PIR Sensor for Flame Detection: Principles and Applications

Introduction

Pyroelectric sensors are widely used in flame detectors for industrial safety systems. Unlike motion detection, flame detection relies on sensing the characteristic flicker of flames and their spectral signature.

Flame Characteristics

Flames from hydrocarbon fires have two key properties useful for detection:

  • Spectral emission: Strong emission bands from CO2 at 4.3 µm.
  • Flicker frequency: Flames flicker at characteristic frequencies, typically 1-20 Hz.

How Pyroelectric Sensors Detect Flames

  1. An optical filter that passes only the flame-specific wavelength (e.g., 4.3 µm for CO2).
  2. A pyroelectric detector that responds to modulated IR (the flame flicker).
  3. Signal processing that looks for the characteristic flicker frequency.

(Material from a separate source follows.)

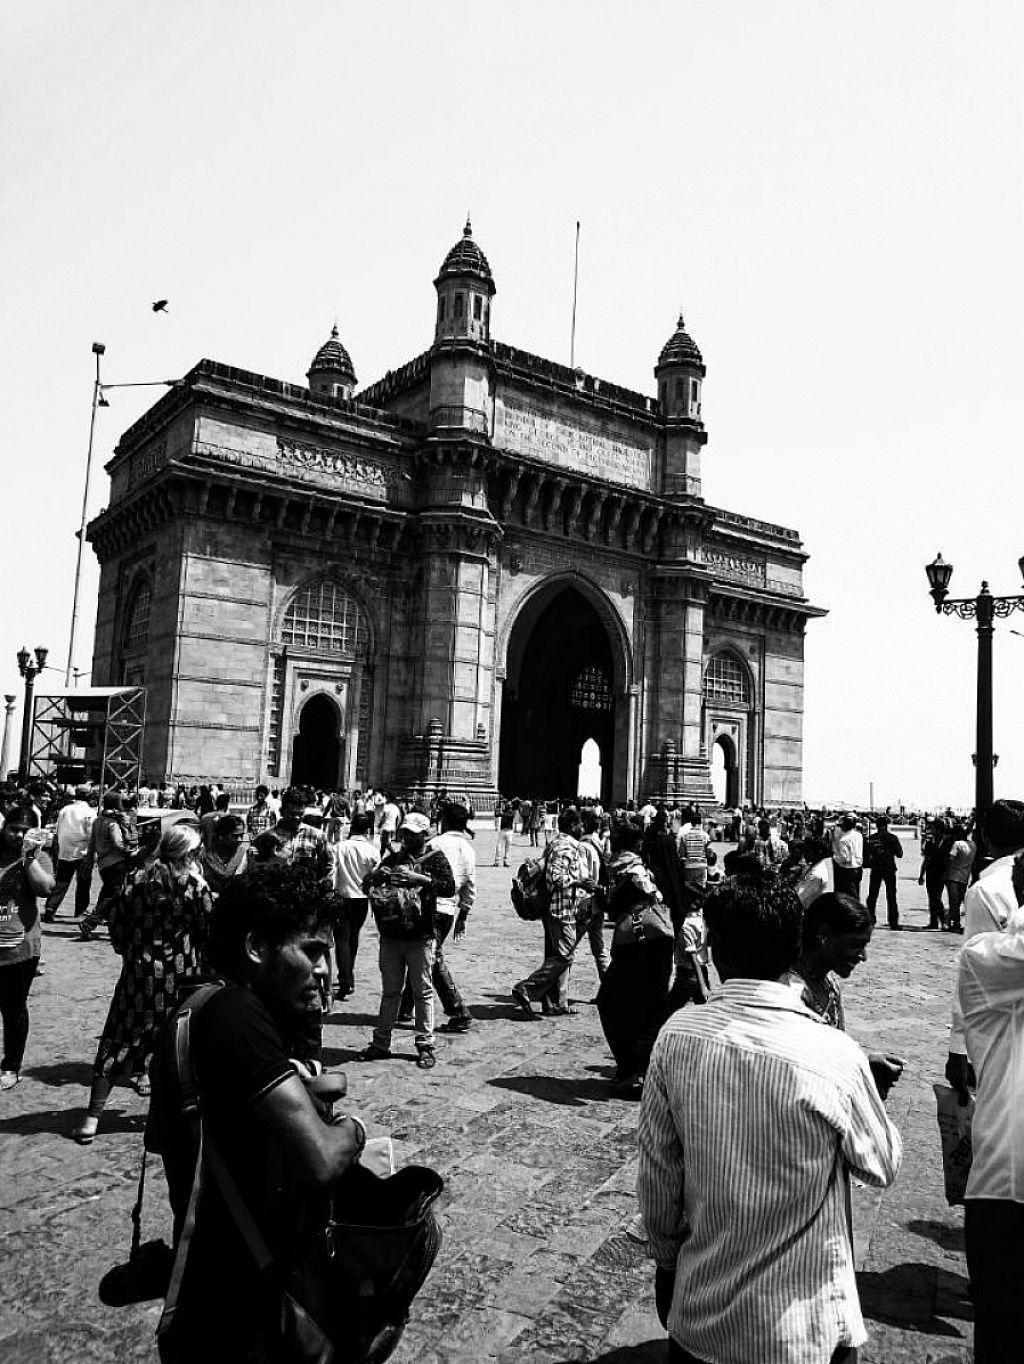 Gate way of India. #Mumbai #india #IncredibleIndia # ...

Multi-Spectral Flame Detection

To reduce false alarms, professional flame detectors use multiple sensors with different filters:

  • Channel A: Flame wavelength (e.g., 4.3 µm).
  • Channel B: Reference wavelength (e.g., 5.0 µm) where flames don’t emit.

Applications

  • Industrial plants: Petrochemical, oil & gas, power generation.
  • Aircraft hangars: Detection of fuel fires.
  • Mining: Conveyor belt fire detection.

Conclusion

Pyroelectric sensors are a proven technology for flame detection. By combining spectral filtering and flicker analysis, they provide reliable fire detection.